Using the TextPlusDataGenFlow, you can run the previous two flows in sequence to generate data from text, and then generate additional data from the generated data.

Example

First, load a text from which you would like to generate the Question-Answer data.

with open(os.path.join(f"{YOUR_FILE_PATH}", "YOUR_FILE.txt"), "r") as file:
    context = file.read()

Then you can generate the Question-Answer data from the text.

flow = TextPlusDataGenFlow()
input_dict = {"context": context}
output_dict = flow(input_dict)

Self Instructed Fine Tuning

Generate data from html text, and then fine tune the model on the generated data using the SelfInstructedGenFlow interface.

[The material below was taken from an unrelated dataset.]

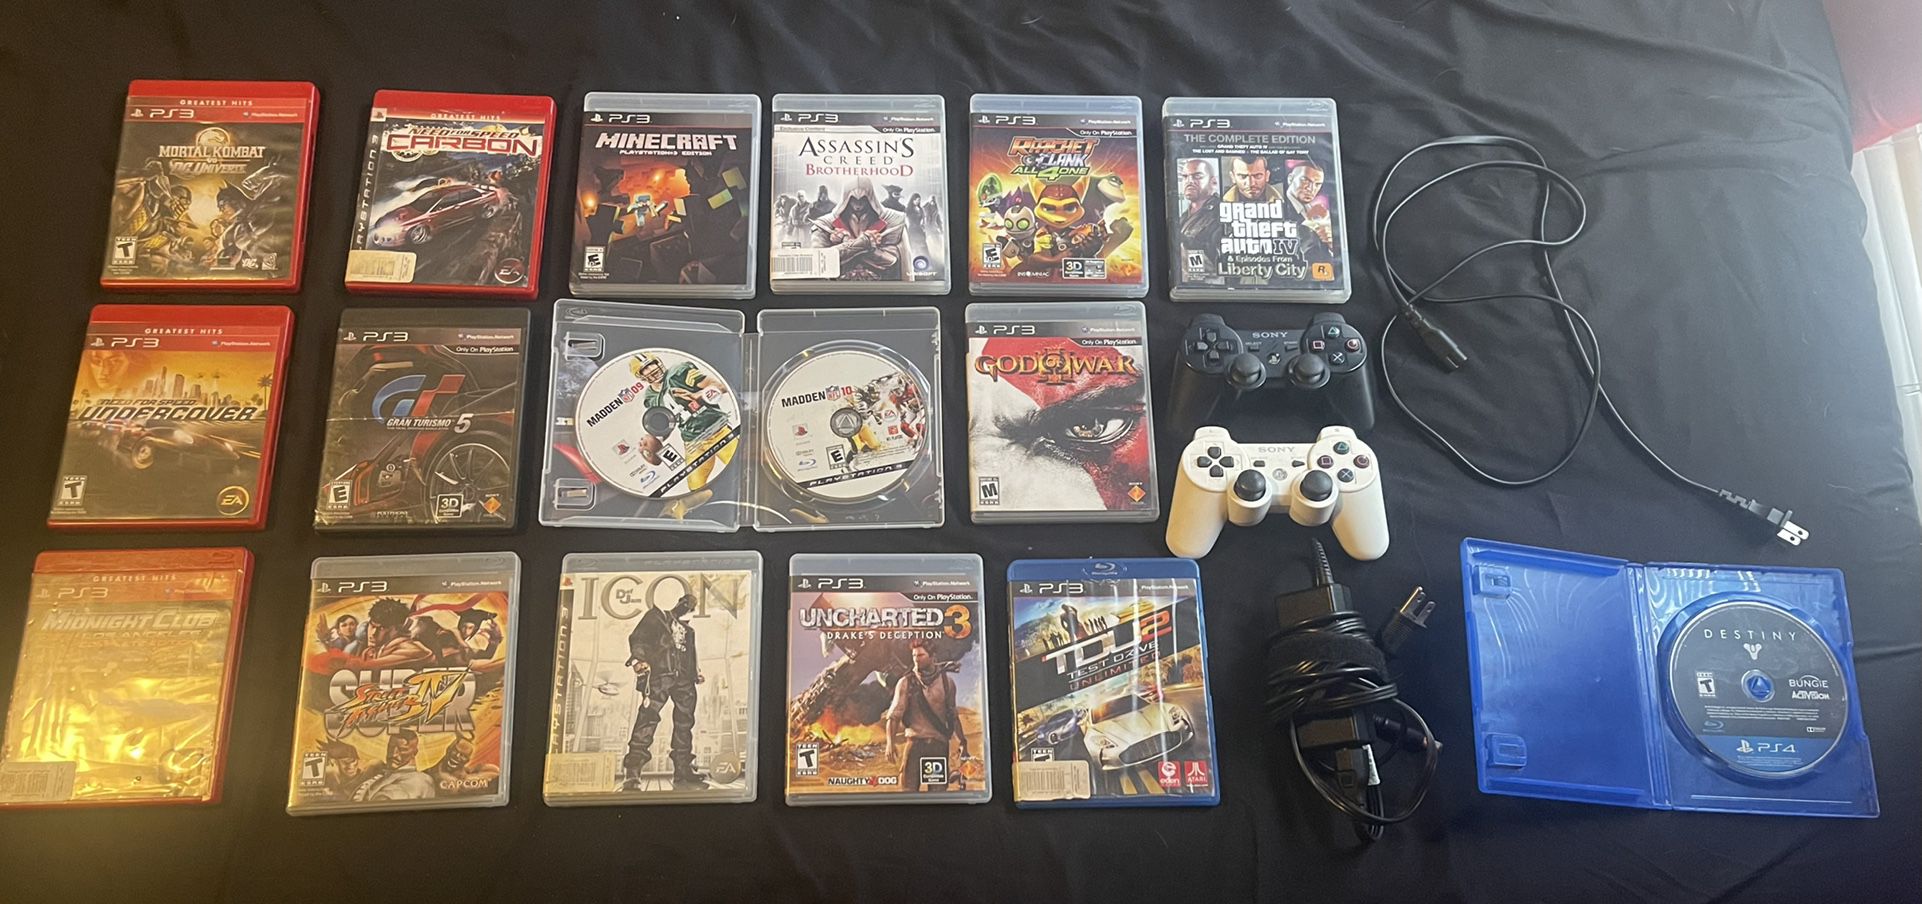 17 PlayStation 3 dis games + Both black and white controllers with power cord and HDMI Cord

First, place your html file in the same directory as your python file.

Then you can generate the Question-Answer data from the html.

# Initiate flow
flow = SelfInstructedGenFlow()
input_dict = {constants.HTML_KEY: YOUR_HTML_FILE_PATH}

# Run flow
output_dict = flow(input_dict)

Installation

To get started with uniflow, you can install it using pip in a conda environment.

First, create a conda environment on your terminal using:

conda create -n uniflow python=3.10 -y
conda activate uniflow  # some OS requires `source activate uniflow`

Then install flow and the compatible pytorch based on your os

pip3 install uniflow
pip3 install torch

Finally, if you are on a GPU, install pytorch based on your cuda version. You can find your CUDA version via nvcc -V.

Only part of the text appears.